• Assigned task: The answer is an exact copy of the lines from the one with "C Sharp SDK Middleware Image" to the end of the listing below, pictures left out.

Information provided Start Marker

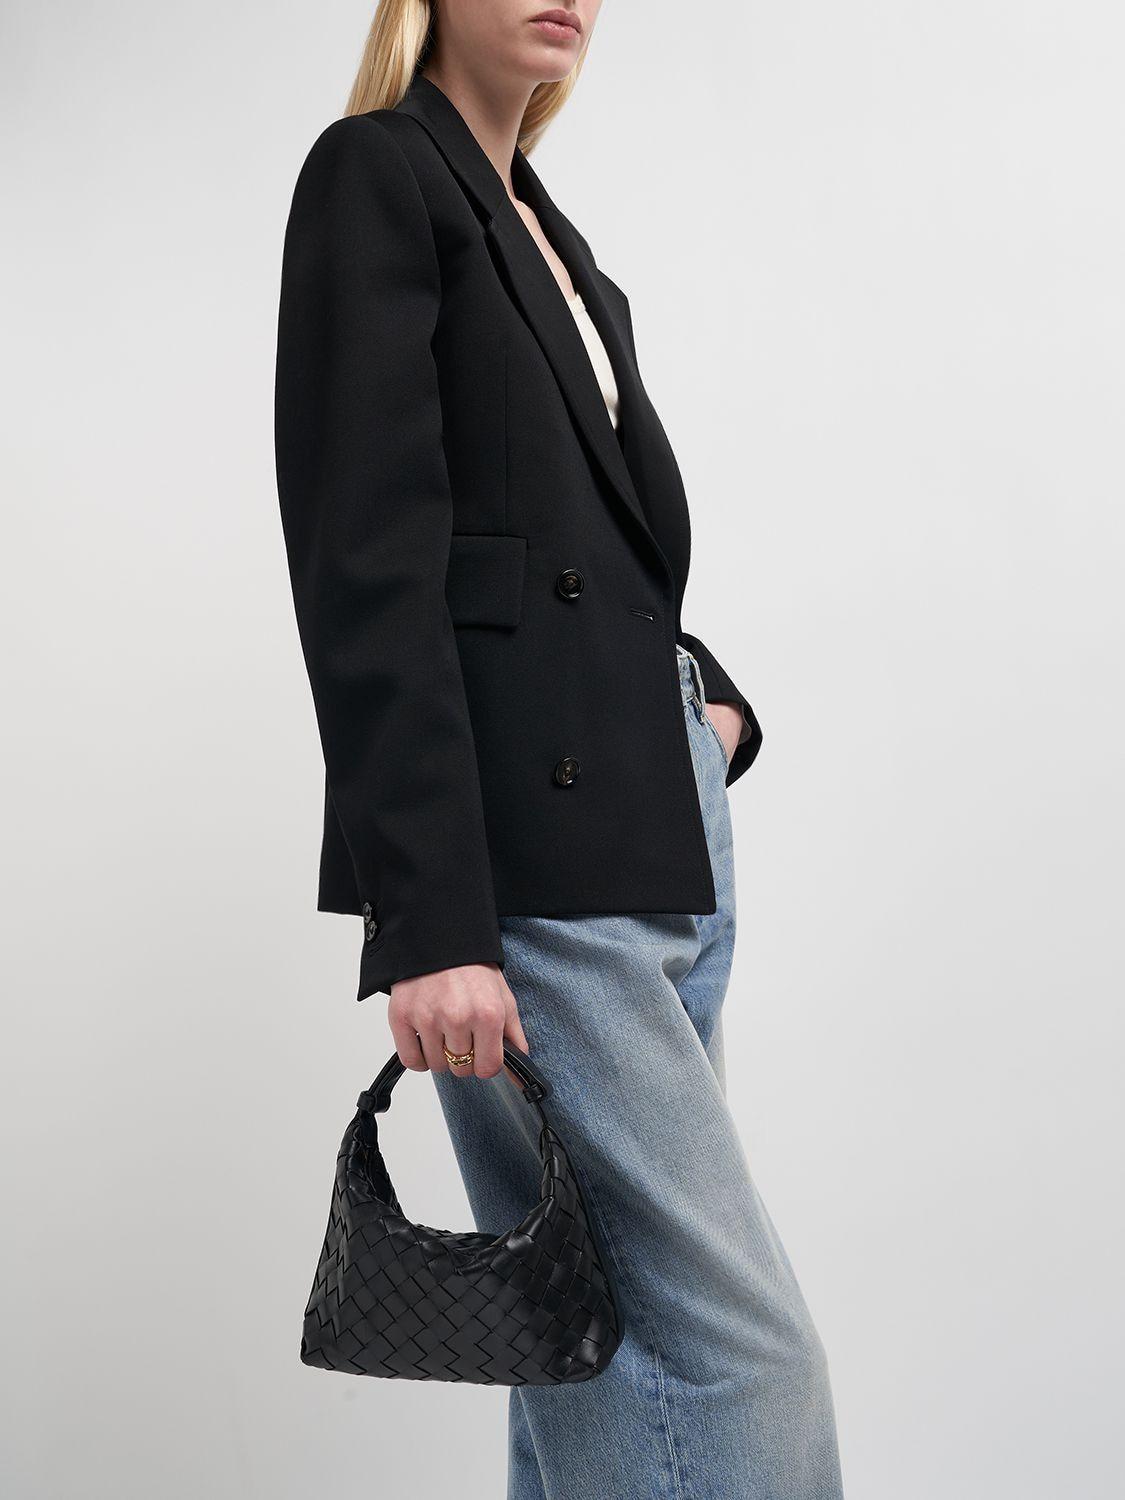 Bottega Veneta Mini Wallace Leather Shoulder Bag in Black
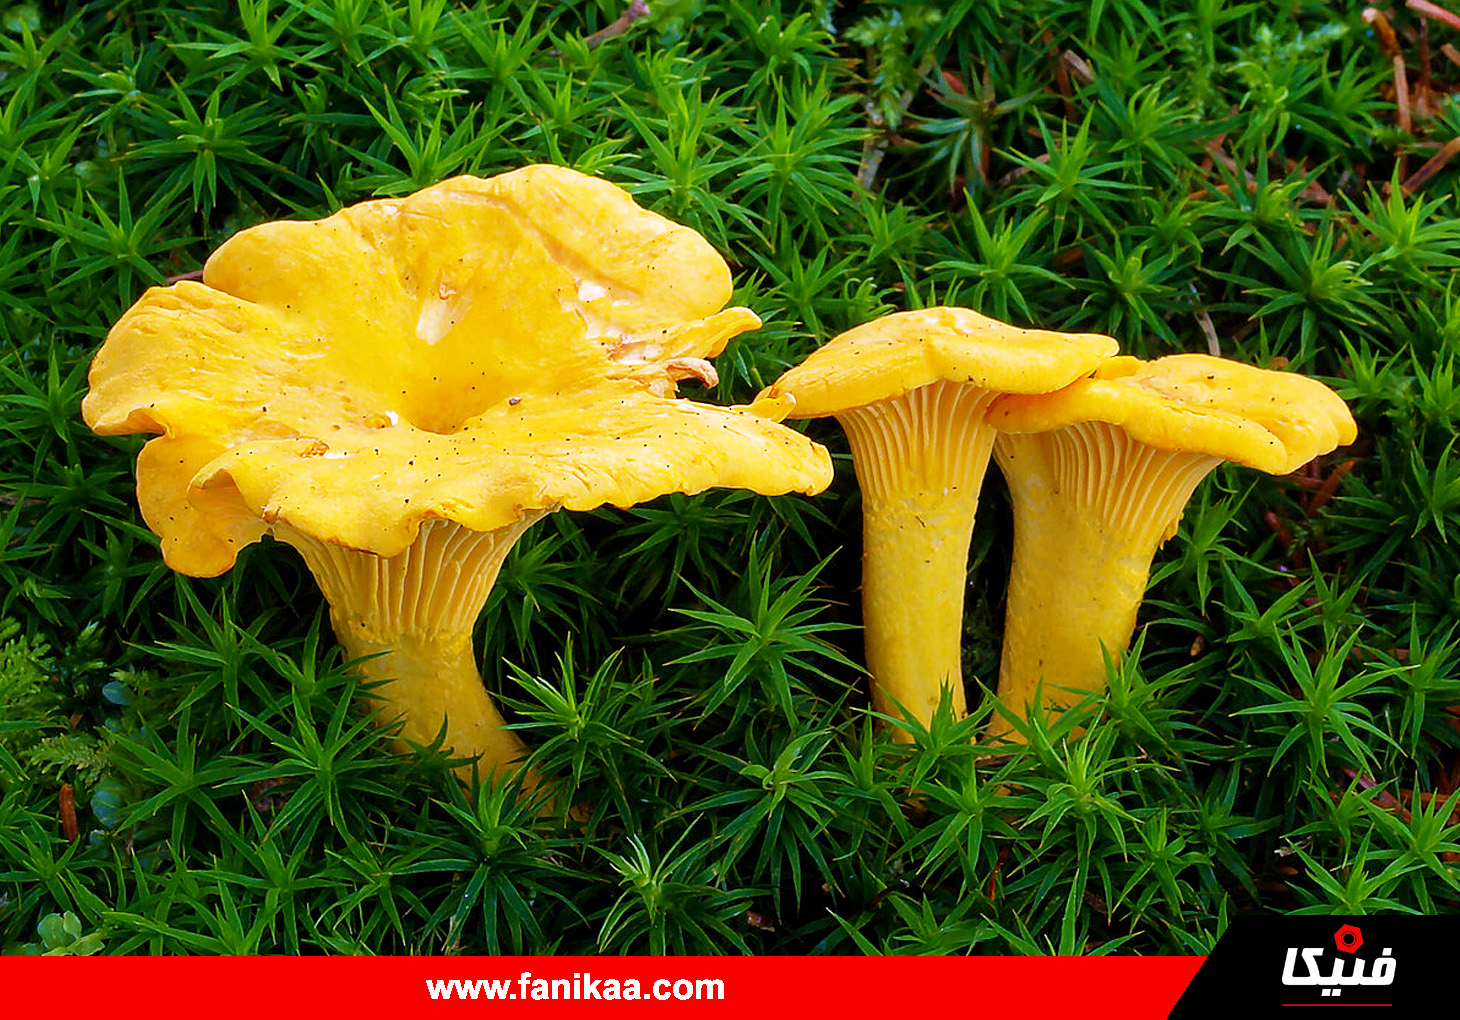 Cantharellus_fanikaa-01 فنیکا قارچ زرد کیجا چه نوع قارچی
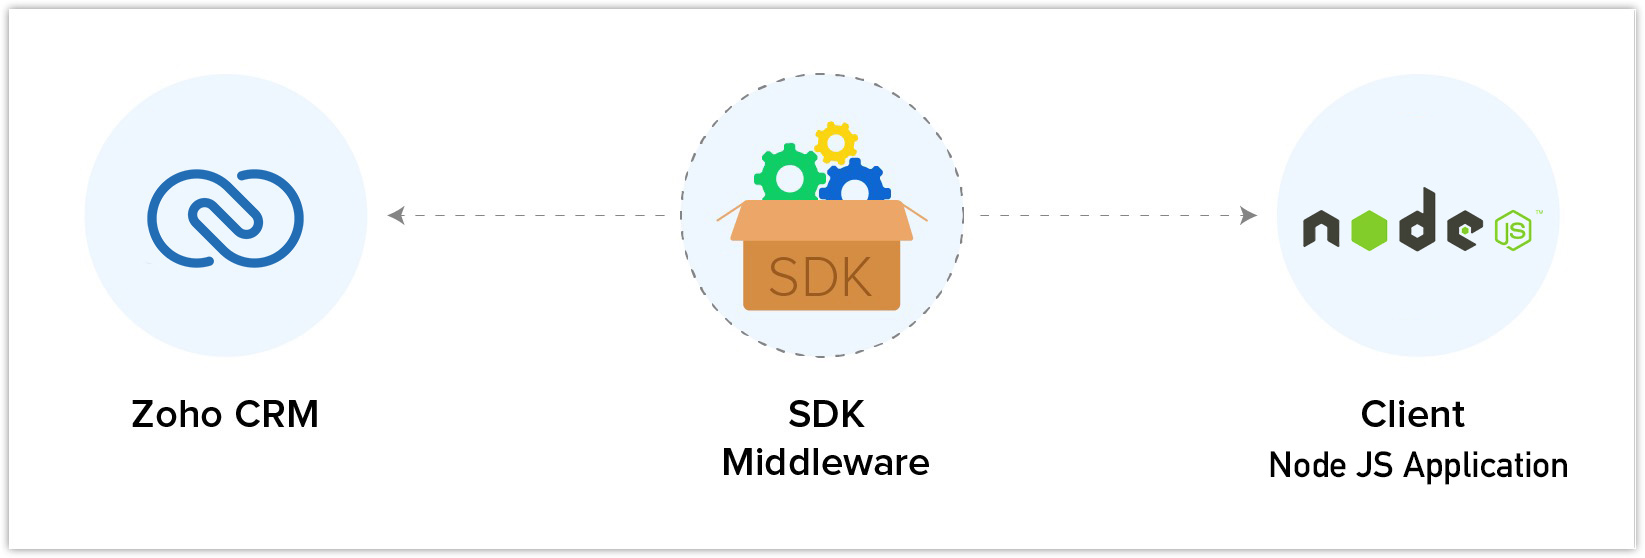 C Sharp SDK Middleware Image
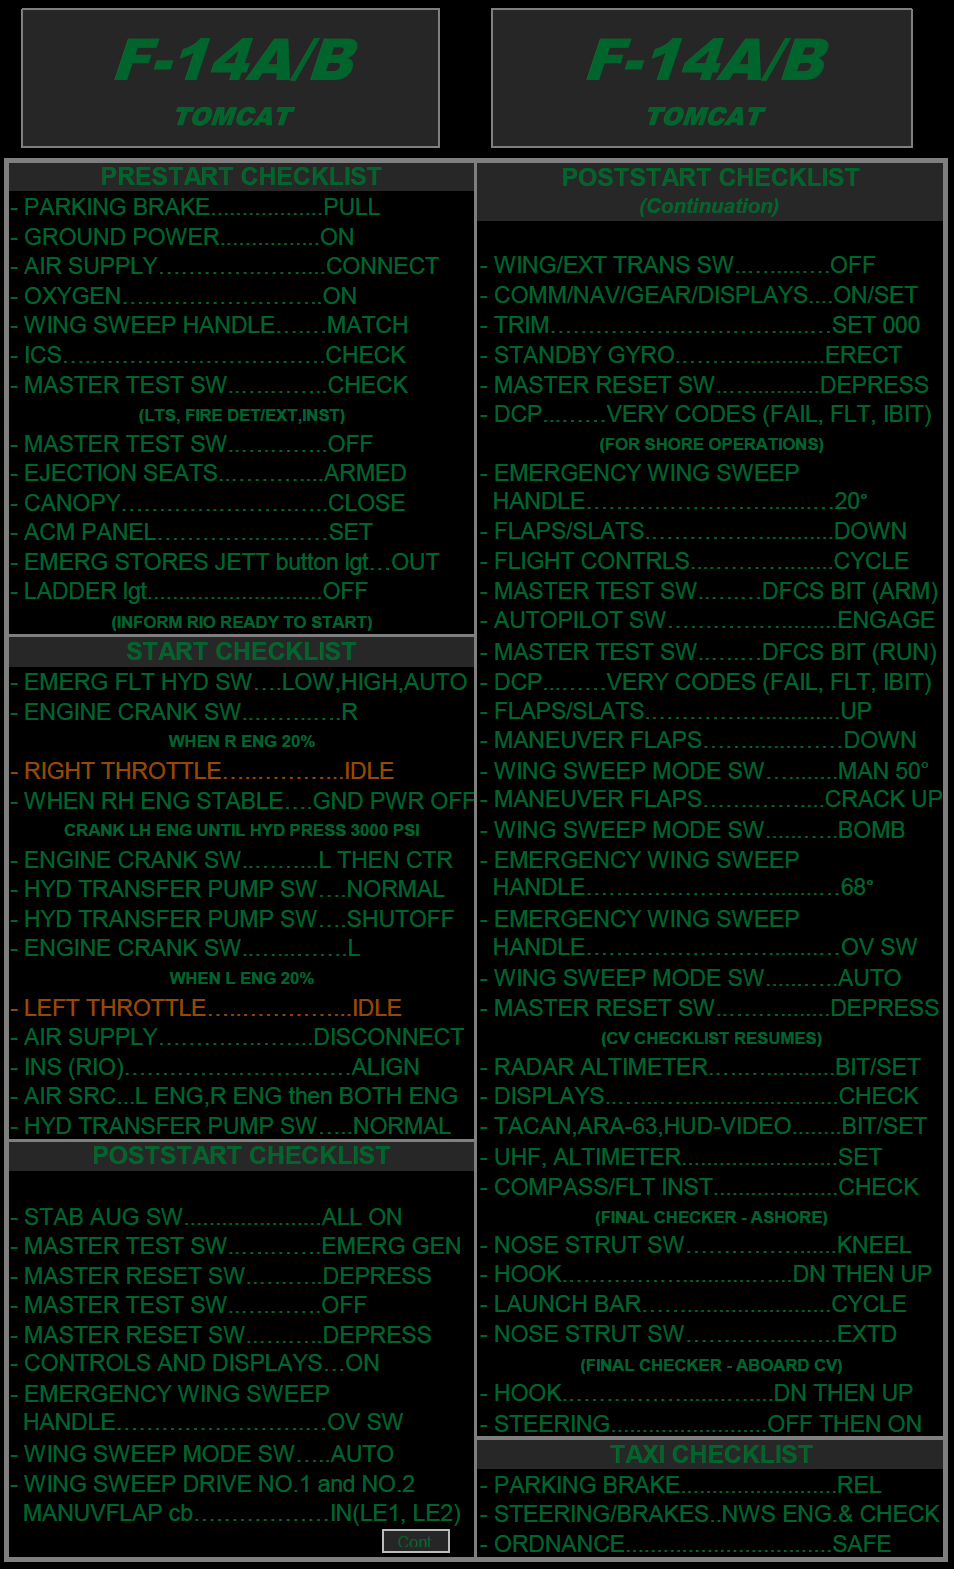 F-14A/B Tomcat Night Quick Checklist.

Information provided End Marker

• Response box:
 C Sharp SDK Middleware Image
 F-14A/B Tomcat Night Quick Checklist.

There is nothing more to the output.